The inter-creditor agreement (ICA) between banks, which is part of the government’s Sashakt plan, is meeting with some stiff resistance from some private sector banks and almost all foreign banks. The agreement was mooted by the Sunil Mehta committee as the first step to resolve bad or non-performing loans (NPAs). Any bank that signs the ICA, agrees to the following conditions:
1. When a borrower defaults or shows signs of default, the lead bank shall alone negotiate with the promoter or with rival bidders for a resolution.
2. If any bank dissents, it has the option to buy the loan from other bankers at a premium or sell its loan to them at a 15% discount to the liquidation value of the loan.
3. If two-thirds of the lenders involved in a loan have signed the ICA, then the provisions of this agreement will apply.
Almost all public sector banks have signed the agreement. Among private banks ICICI, Axis, Federal and some smaller banks have signed, but banks like HDFC, Kotak and RBL are holding back, saying they are seeking legal opinion. Foreign banks have refused to sign the agreement from the start on grounds that their global boards won’t let them relinquish their rights over borrowers.
The argument of the private lenders is that even where a loan is in default, they have structured their loans carefully with first charge over some collateral or receivable from some sources. They believe that allowing an SBI or ICICI to negotiate on their behalf will mean they will suffer the same hair cut as other banks who have been less savvy while negotiating the loan. What is worse, signing the loan prevents them from selling their loan to asset reconstruction companies (ARCs). They can only sell to other banks and that too at such heavy discounts that they can’t even think of selling out. What appears to have worried them is the “phone calls” from powerful people asking them why they haven’t signed up.
Legal eagles also say the agreement may give the lead bank far too many rights and too few advantages to dissenters and to those who may have better negotiated their terms. Some also worry that banks may use the ICA to keep accounts from getting into the NCLT (National Company Law Tribunals) under the insolvency code, which in turn may work well for the current promoters. These lawyers and bankers worry that this may in some way sidestep the clean up being attempted by the RBI through the insolvency code and the February circular.
However, public sector banks don’t buy these fears. In the first place, under the February circular, any rated loan under a restructuring package needs to get investment grade rating. Also the loan will be marked NPA immediately on restructuring and can be upgraded only if 20% of the principal is repaid and if the loan is serviced regularly.
If it takes four years for the promoter to pay back 20% of the principal, by then banks will have had to provide for that loan in full (first year 15%, second year 25% third year 40% and fourth year 100%). In contrast, if the loan is sold off to a new company, the loan becomes standard immediately. So the bias will always be to find a new promoter, say public sector bankers. They argue that to say the ICA sidesteps the February circular or helps leniency towards promoters is a completely incorrect charge.

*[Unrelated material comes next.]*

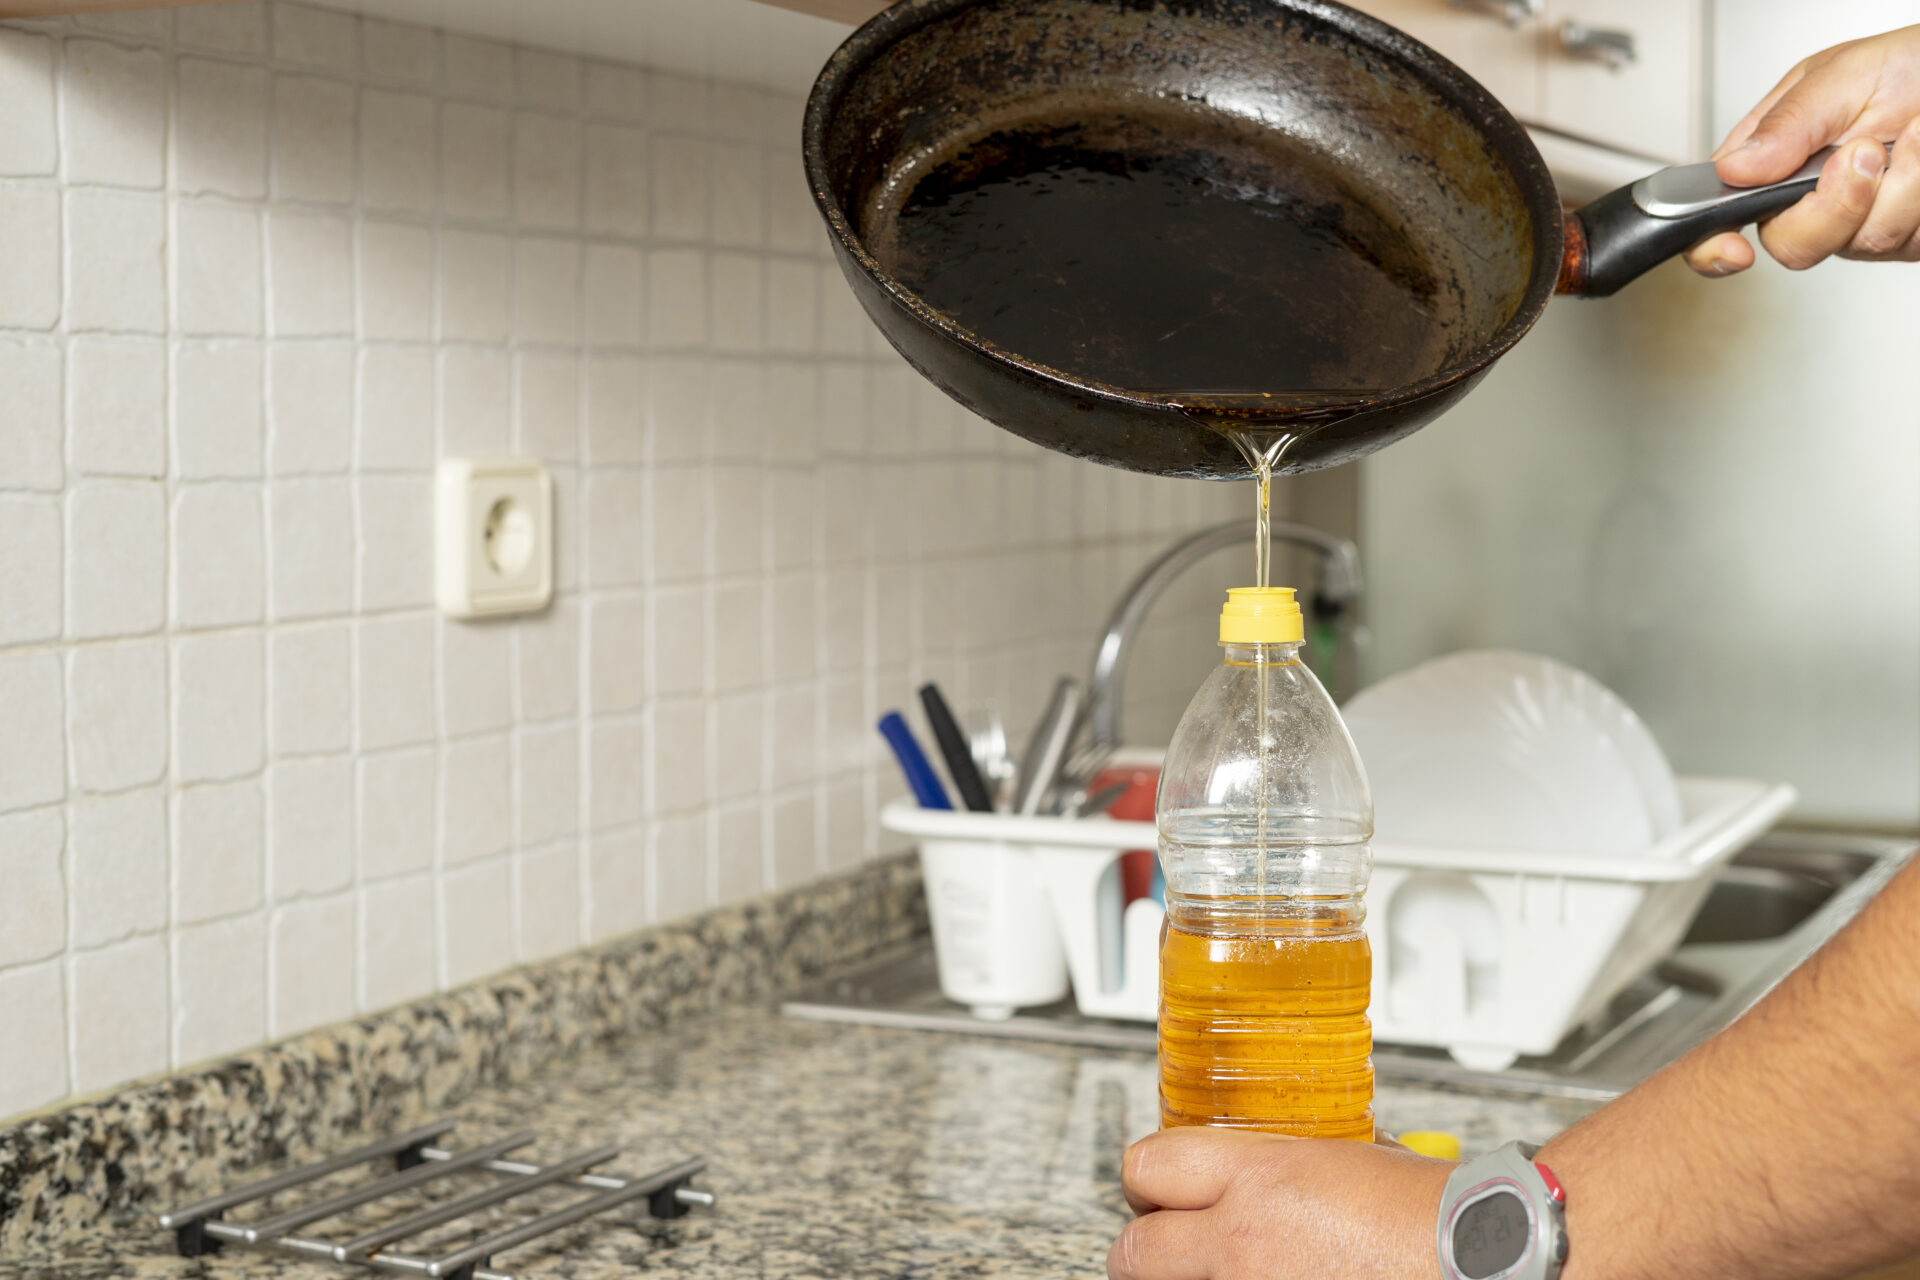 Man placing recycled used cooking oil from a frying pan into a plastic bottle in their kitchen. MidCity Plumbers.

The other grouse for private banks who are holding out is that they can’t take any legal route against the ICA. It is not a government or RBI rule or notification. It is a “voluntary” agreement by banks. Hence, it can’t be taken to court at this stage. Once they sign, they fear it may be too late to go to court. Public sector bankers are less worried about the three private banks who are not signing. They say Kotak and RBL have hardly any share in loans to the big defaulters and HDFC lends mostly only to double-A companies and above.
Their worry is more about foreign banks who have frequently stymied any resolution and threatened to take borrowers to the NCLT, where cases may get stuck either because of the long queue or for want of buyers. There is another worry that non-banking entities such as ARCs point out. The entire NPA restructuring process was supposed to elicit interest from a lot of foreign special situation funds, which have experience in restructuring loans. The current ICA does not allow banks who have signed the agreement to sell to non-creditors.
Hence, aggregation of loans by these foreign funds or even by Indian ARCs becomes impossible. The fear, therefore, is new money, new talent and new ideas won’t enter the system. But it may be too early to speculate about such behaviour. Until now, no loan restructuring has come to the stage of requiring approval. It is only when the first set of loans are restructured by the lead banks that the system will know where and whether the agreement falls short.